Subject: Docket #99P-0033/CP1 Loopholes in BSE Legislature
 
As a vegan I'm protected. What is so insidious about this disease the
long incubation period. There is no way they are isolated cases, they
come from lots, fed the same feed. There are huge loopholes that should
be closed.

Subject: Docket #99P-0033/CP1 Now is the time to take action.




The U.S. government has just investigated a third possible case of
Bovine Spongiform Encephalopathy (BSE), commonly known as mad cow
disease, in the United States. The first case was confirmed in late 2003
in a Canadian-born cow in Washington State, and the second just this
past June in a U.S.-born Texas cow. Scientists have concluded that
exposure to the BSE agent causes a variant form of Creutzfeldt - Jakob
disease (nvCJD) in humans. The common characteristics of mad cow
disease and nvCJD are that they are both invariably fatal. To date, over
155 cases of nvCJD have been reported worldwide. Though the recent
investigation revealed that the cow did not have BSE, this latest
discovery less than two months from the Texas case raises serious
concerns about the adequacy of FDA’s regulations to address the spread
of mad cow disease and its ability to do its job – protect the safety of
our food supply.



Scientists have concluded that mad cow disease is spread through the use
of contaminated animal feed. The FDA issued restrictions on animal feed
in 1997 that the agency claims create a “firewall” against the spread of
mad cow disease. In fact, this “firewall” is little more than a screen
door.
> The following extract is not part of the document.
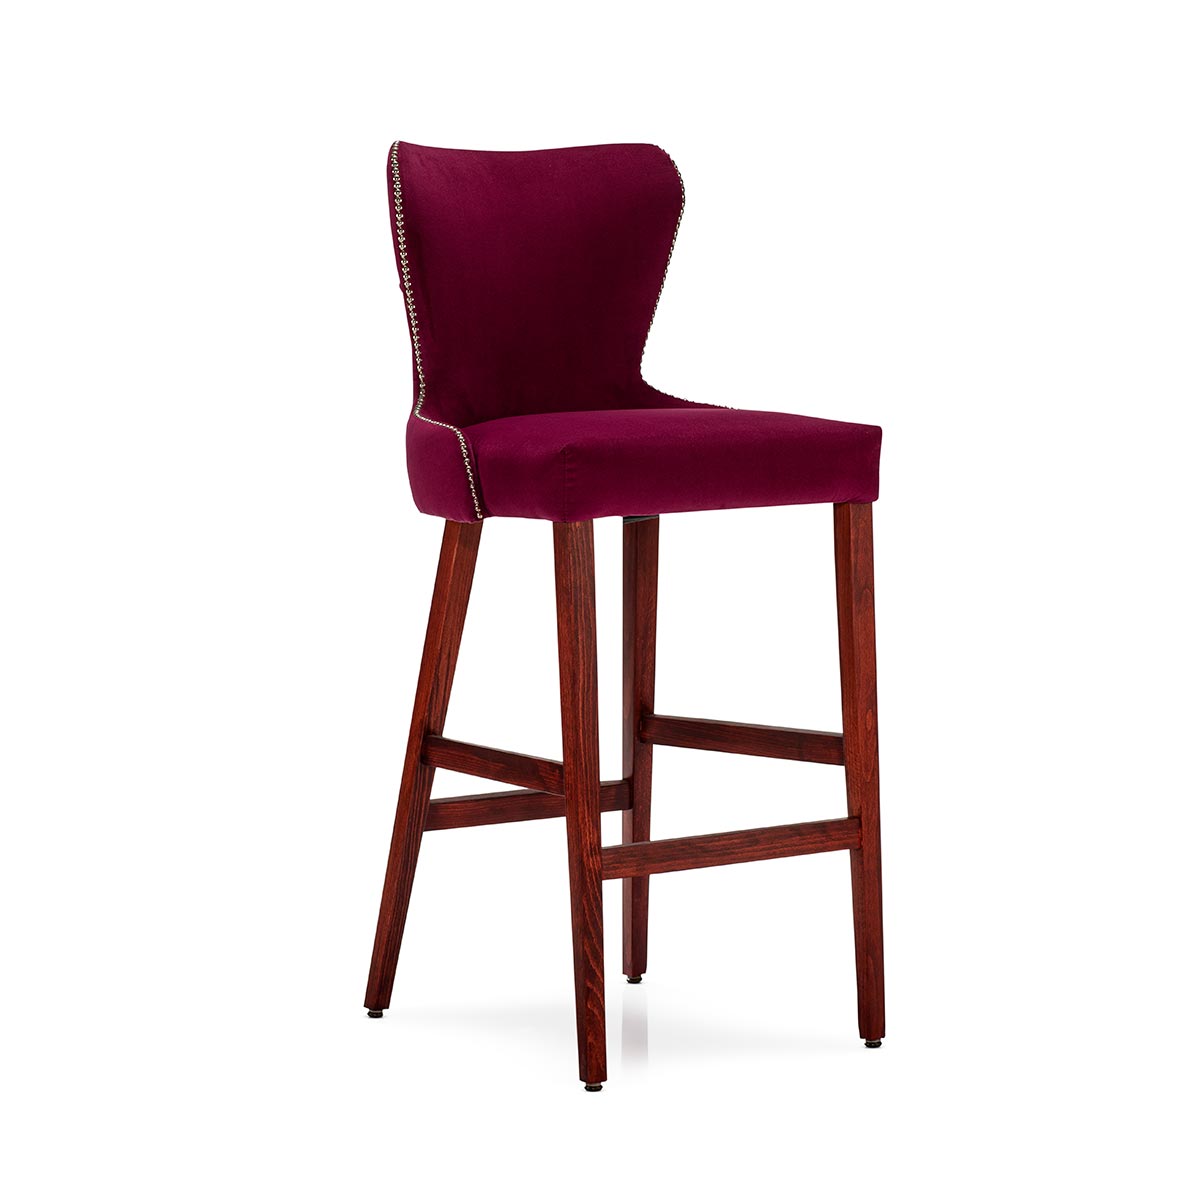 Urban Chair Bar Featured - Barske stolice Detal

The FDA’s regulations are riddled with holes and animal feed
remains a route by which the disease can be spread into the U.S. food
supply.



While FDA’s 1997 rule prohibits the feeding of ruminant (cattle, sheep,
deer, goats) material to other ruminants, hundreds of millions of pounds
of cattle blood and fat, and the meat, blood, fat and bone meal from
pigs and chickens are legally fed to cattle every year. American cattle
are also being fed a million tons a year of chicken litter and feces
contaminated with the cattle meat and bone meal fed to those chickens.
These are practices that can spread mad cow disease and are banned in
countries like England and Japan.



In 1999, the Center for Food Safety and others filed a legal petition
for rulemaking with the FDA asking the agency to close these dangerous
loopholes. While they solicited some comments on the issue in 2002, the
agency has yet to provide a substantive answer to our petition and has
refused to take the actions necessary to close the existing loopholes
and protect public health. Even the General Accounting Office (the
watchdog arm of Congress) issued a report in 2002 that found serious
flaws in the FDA’s regulations.



Take action now to support CFS’ legal petition and demand the FDA close
the loopholes that put our public health - and the integrity of the
agency – at risk.





Send a letter to the following decision maker(s):
FDA Commissioner Lester Crawford

Below is the sample letter:

Subject: Docket #99P-0033/CP1

Dear [decision maker name automatically inserted here],

The Center for Food Safety (CFS) and others filed petition number
99P-0033/CP1 in 1999 in response to dangerous loopholes in FDA's feed
restrictions and regulations regarding mad cow disease in the United
States. Now, nearly six years later and after investigating our third
possible case of a BSE infected cow in the U.S., the FDA must take
action to protect our public health and food supply. The recent
announcement that this third cow did not have BSE is far from a relief,
and instead raises serious concerns about the efficacy of FDA's regulations.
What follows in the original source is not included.